Dune vs Avengers — One Took the Screens, The Other Took the Risk

SIBY JEYYA

This isn’t just a box office clash — it’s a strategic knockout before the fight even begins.



Dune: Part Three has already secured every IMAX screen across the united states for three full weeks starting december 18. The same day, Avengers: Doomsday hits theaters. For the first time, a major Avengers release won’t have access to a single IMAX screen domestically.



That’s not bad luck. That’s planning.



Warner Bros. locked this deal months in advance, betting big on director Denis Villeneuve’s decision to shoot on 65mm film — the same premium format championed by christopher Nolan. IMAX backed that vision, and in doing so, handed Dune the most valuable real estate in cinema.



Because IMAX isn’t just about scale — it’s about revenue. When Dune: Part Two was released in 2024, it earned $715 million globally, with $145 million coming from IMAX alone. That’s nearly 20% of total revenue from a tiny fraction of screens. Premium tickets, higher occupancy, bigger margins — every IMAX seat punches above its weight.



And that’s exactly what Marvel is losing here.

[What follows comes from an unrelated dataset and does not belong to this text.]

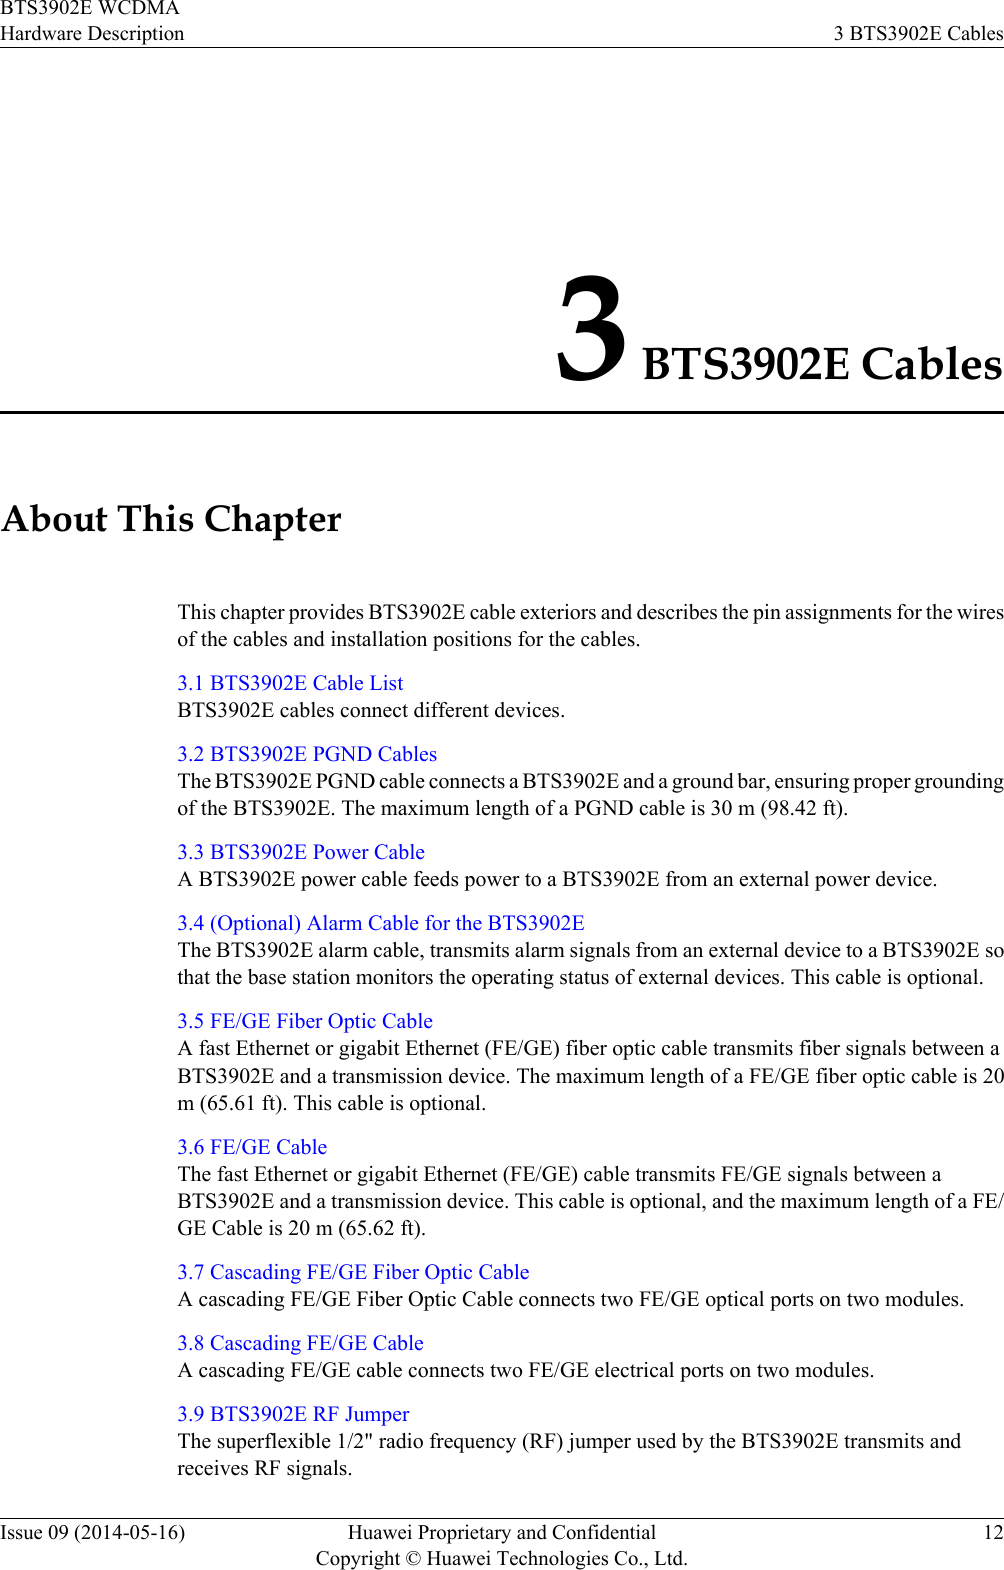 3 BTS3902E CablesAbout This ChapterThis chapter provides BTS3902E cable exteriors and describes the pin assignments for the wiresof the cables and installation positions for the cables.3.1 BTS3902E Cable ListBTS3902E cables connect different devices.3.2 BTS3902E PGND CablesThe BTS3902E PGND cable connects a BTS3902E and a ground bar, ensuring proper groundingof the BTS3902E. The maximum length of a PGND cable is 30 m (98.42 ft).3.3 BTS3902E Power CableA BTS3902E power cable feeds power to a BTS3902E from an external power device.3.4 (Optional) Alarm Cable for the BTS3902EThe BTS3902E alarm cable, transmits alarm signals from an external device to a BTS3902E sothat the base station monitors the operating status of external devices. This cable is optional.3.5 FE/GE Fiber Optic CableA fast Ethernet or gigabit Ethernet (FE/GE) fiber optic cable transmits fiber signals between aBTS3902E and a transmission device. The maximum length of a FE/GE fiber optic cable is 20m (65.61 ft). This cable is optional.3.6 FE/GE CableThe fast Ethernet or gigabit Ethernet (FE/GE) cable transmits FE/GE signals between aBTS3902E and a transmission device. This cable is optional, and the maximum length of a FE/GE Cable is 20 m (65.62 ft).3.7 Cascading FE/GE Fiber Optic CableA cascading FE/GE Fiber Optic Cable connects two FE/GE optical ports on two modules.3.8 Cascading FE/GE CableA cascading FE/GE cable connects two FE/GE electrical ports on two modules.3.9 BTS3902E RF JumperThe superflexible 1/2&quot; radio frequency (RF) jumper used by the BTS3902E transmits andreceives RF signals.BTS3902E WCDMAHardware Description 3 BTS3902E CablesIssue 09 (2014-05-16) Huawei Proprietary and ConfidentialCopyright © Huawei Technologies Co., Ltd.12

Without IMAX, Disney is pivoting hard — pushing Doomsday into alternative premium formats like Dolby Cinema, 4DX, and D-Box. The idea is simple: capture casual, walk-in audiences and recreate the spectacle elsewhere. But these formats don’t carry the same box office gravity or long-term booking power as IMAX.



Now layer in the budgets.



Doomsday reportedly costs between $500–600 million before marketing. That means it needs to cross the billion-dollar mark just to break even. Dune: Part Three, with a far leaner $190 million budget, has a much shorter path to profitability — especially if it continues the upward trajectory of its predecessors.



Same release date. Two completely different pressure levels.



And in a twist only hollywood can deliver, Florence Pugh appears in both films — meaning she’ll be competing against herself on opening day.



One film owns the screens. The other has to fight for them.

And in this game, that difference could decide everything.